The p-symmetry of the hole wavefunction is associated with a weaker hyperfine interaction as compared to electrons, thus making hole spin qubits attractive candidates to implement long coherence quantum processors. However, recent studies demonstrated that hole qubits in planar germanium (Ge) heterostructures are still very sensitive to nuclear spin bath. These observations highlight the need to develop nuclear spin-free Ge qubits to suppress this decoherence channel and evaluate its impact. With this perspective, this work demonstrates the epitaxial growth of 73Ge-depleted isotopically enriched 70Ge/SiGe quantum wells.

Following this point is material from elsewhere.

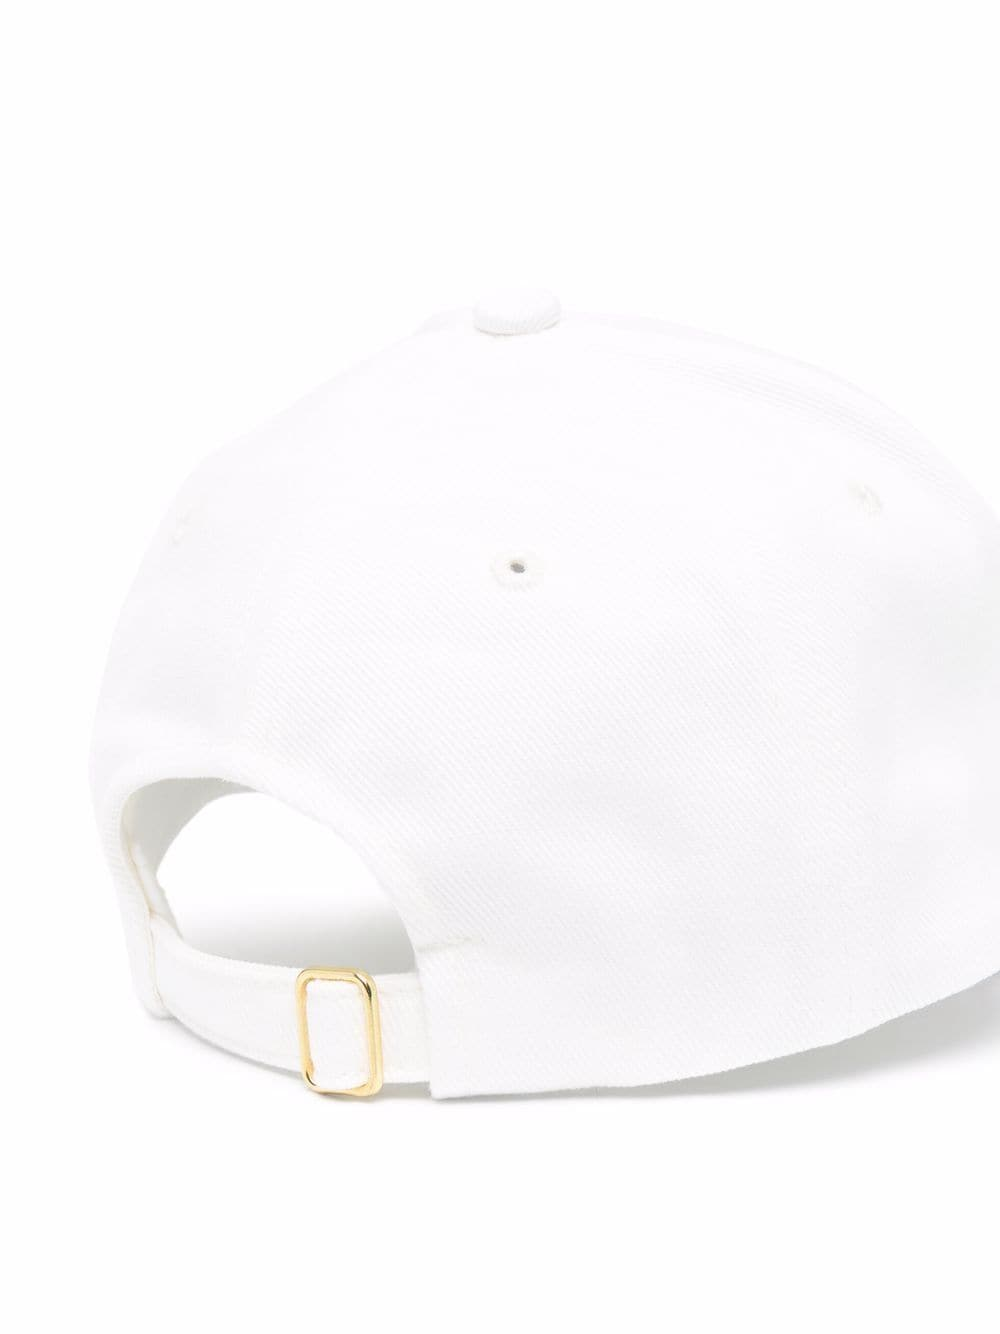 cappello racing twill uomo bianco in cotone CASABLANCA   Cappelli   AF21-HAT-008OFF WHITE CASABLANCA RACING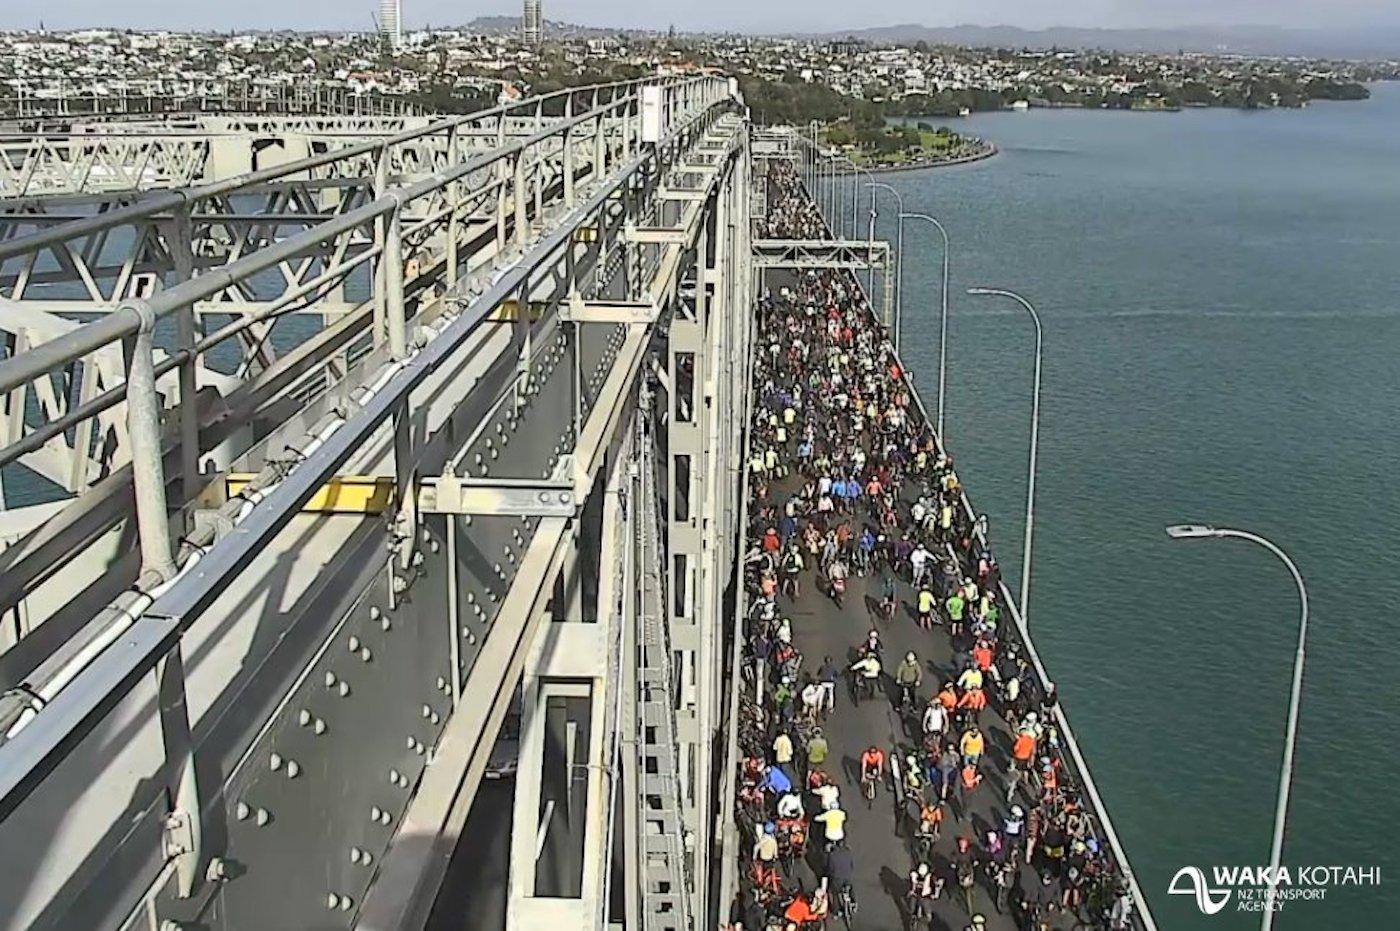 Selfish Road Maggots Cause Mayhem on Harbour Bridge

The growth was achieved by reduced pressure chemical vapor deposition using isotopically purified monogermane 70GeH4 and monosilane 28SiH4 with an isotopic purity higher than 99.9 \% and 99.99 \%, respectively. The quantum wells consist of a series of 70Ge/SiGe heterostructures grown on Si wafers using a Ge virtual substrate and a graded SiGe buffer layer. The isotopic purity is investigated using atom probe tomography following an analytical procedure addressing the discrepancies in the isotopic content caused by the overlap of isotope peaks in mass spectra. The nuclear spin background in the quantum wells was found to be sensitive to the growth conditions. The lowest concentration of nuclear spin-full isotopes 73Ge and 29Si in the heterostructure was established at 0.01 \% in the Ge quantum well and SiGe barriers. The measured average distance between nuclear spins reaches 3-4 nm in 70Ge/28Si70Ge, which is an order of magnitude larger than in natural Ge/SiGe heterostructures.